Another cultural mainstay is the Oriental rug, which encompasses rugs that evoke the culture of several Asian nations, including China, Pakistan, Afghanistan and Turkey. Persian rugs are actually a subset of the broader category of Oriental rugs. Whereas Persian rugs typically use medallions, tribal patterns and other geometric shapes, Oriental rugs often incorporate natural elements such as florals, landscapes and animals (though intricate geometrics are likewise a theme).

Area rugs evoke many other cultures as well—from the Boho chic look of Morocco to the Native American influences of the American Southwest to the tribal and natural components that are representative of African art.

Homeowners can use area rugs to complement their chosen decorating style. For instance, if the room is traditional, the homeowner may opt for a classic floral pattern in muted colors. If going for a more contemporary style, choosing a geometric pattern in vibrant color styles will help solidify that look.

Choose the Right Size

Area rugs come in a variety of standard sizes, including 5-by-8, 8-by-10, 9-by-12 and 10-by-13. There are also narrow widths (between 2 and 3 feet long) for hallways and foyers as well as specialty shapes such as ovals and circles.

Ideally, an area rug will be the perfect size for the room or the space you are wishing to define. If you choose an area rug that is too small, you will minimize its impact. Go too big, and it can easily overwhelm the room.

Most rugs come in standard sizes that will typically fit what you are trying to achieve. If you want your area rug to encompass the whole room, you should choose a rug that is 2 to 3 feet shorter than the overall dimensions. For instance, for an 11-by-14-foot room, an area rug of 9-by-12 would be appropriate.

If you want to position your furniture on the area rug, make it extend at least one foot beyond your sofa, love seat and chairs. However, you can also position the rug in the center of the seating area, perhaps with a coffee table on top. The rug will provide a focal point and serve as an anchor for your conversational seating area.
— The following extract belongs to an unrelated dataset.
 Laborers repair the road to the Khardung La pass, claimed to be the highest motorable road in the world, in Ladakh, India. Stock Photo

In you want to define a dining area, extend the rug at least 2 feet around all the dimensions of the table. This will allow your dining chairs to rest on the rug, and you won’t have to worry about scraping the hard-surface floor when pushing the chairs out away from the table.

Choose Color and Texture

When selecting colors for your area rug, take a cue from the other colors in the room. For instance, if you have gray walls, try to include that same gray in the rug. This can be a background or secondary color that coordinates with other more vibrant, punchier colors in the rug. Also, repeat the accent colors in the rug in other elements of the room, such as the throw pillows, wall art or tabletop accessories.
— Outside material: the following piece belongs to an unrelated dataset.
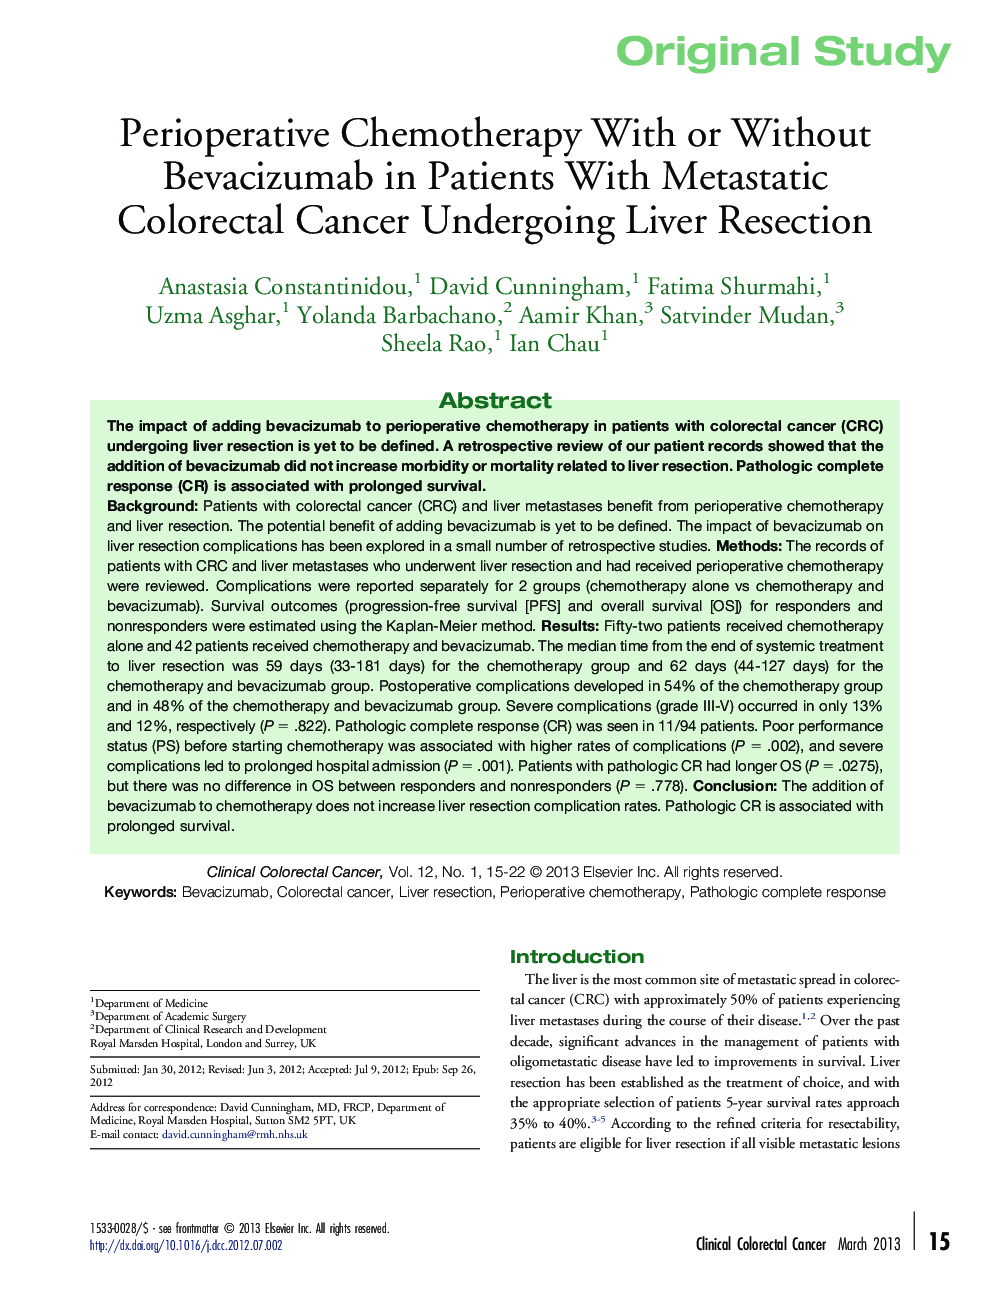 Perioperative Chemotherapy With or Without Bevacizumab in Patients With Metastatic Colorectal Cancer Undergoing Liver Resection

Textures also abound as options in area rugs. You might want to choose a shaggy rug in a striking solid color like royal blue or cranberry red. Or you might want to opt for a flatweave rug in a multicolor geometric. If you are strong on environmental choices, you can also select a jute or a sisal rug in a neutral tone.

Area rugs can be swapped out easily with another rug when you change the color scheme of the room. That’s the beauty of area rugs—they’re portable. An area rug that worked in your living room can eventually work in your dining room, family room or bedroom. Explore the variety and versatility of area rugs, and soon you will want them all over your house.